Sinking stocks, dicey economy may hand NYC’s Eric Adams major budget crisis


Mayor Eric Adams’ $101 billion budget may be more fiscally responsible than any of his predecessor’s spending plans, but the ailing economy, and market, threaten to trigger a giant shortfall.

To keep the city in the black — without raising taxes and fees — the mayor will need to keep a tight lid on outlays, and particularly labor costs as he negotiates new contracts with municipal unions.

The problem, in a nutshell: Pension-fund losses and less-than-expected income-tax revenue could force the city to dip into its $8 billion reserve pot, and even that might not be enough, as the Empire Center’s E.J. McMahon notes.

Blame the ailing stock market: The period from Jan. 1 to June 30 marked the worst first half-year in more than 50 years. With returns on the pension funds way down, the city will have to kick in more from its operating budget to cover benefits for current and future retired workers — $4 billion more than planned from next year through 2026, McMahon predicts.

And it’ll get worse if the market keeps sinking.

A flagging market drives down city income-tax revenue based on capital gains. Adams’ budgeteers did bake in a 17% dip in quarterly estimated-tax payments, but as of June 15, those payments were down a whopping 31% from the same month last year, city Comptroller Brad Lander reports. Lander also predicts tax-receipt growth will slow as the economy stalls and Wall Street bonuses take a plunge.

The scary bottom line: “Unless the stock market rebounds and the economy grows more strongly,” Adams’ $8 billion cushion “could go up in smoke more rapidly than the mayor has anticipated,” warns McMahon. The city could get caught dangerously short.

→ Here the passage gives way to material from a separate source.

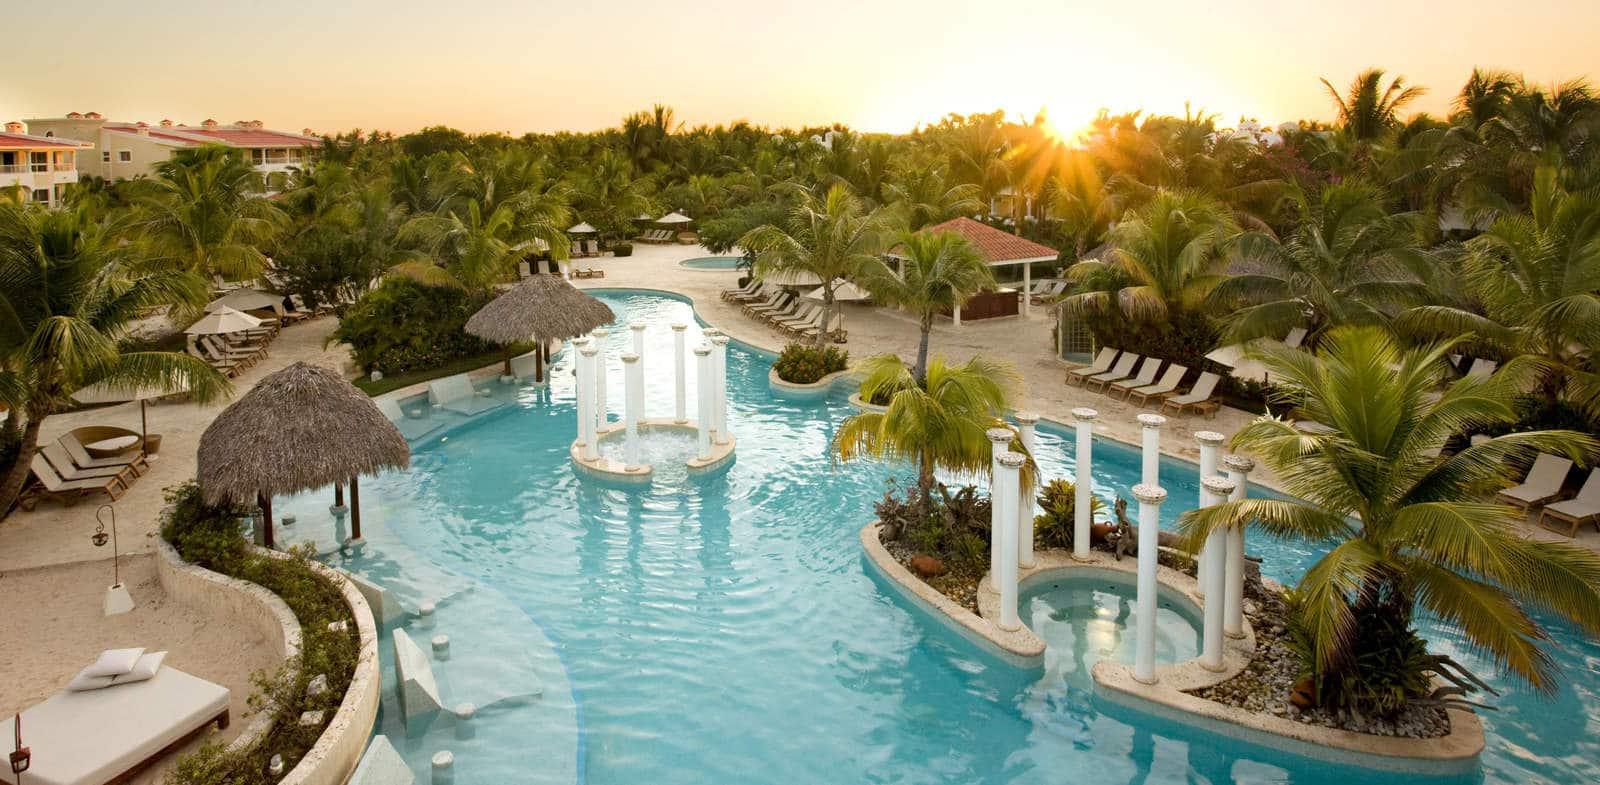 The Level At Melia Caribe Beach Resort

No doubt progressives’ solution will be to demand even more tax hikes on wealthy New Yorkers — which would only drive more of them to seek refuge in other states.

And Hizzoner has yet another worry: With inflation soaring, the municipal unions will be demanding far more in raises than the 0.5% hike in each of two years and 1% annually thereafter that the mayor’s plan provides for new labor contracts. Other city costs will also rise faster than expected.

Adams has an enormous challenge on his hands to keep spending in line with revenue even at the risk of losing political support from labor. Wish him luck — he’ll need it.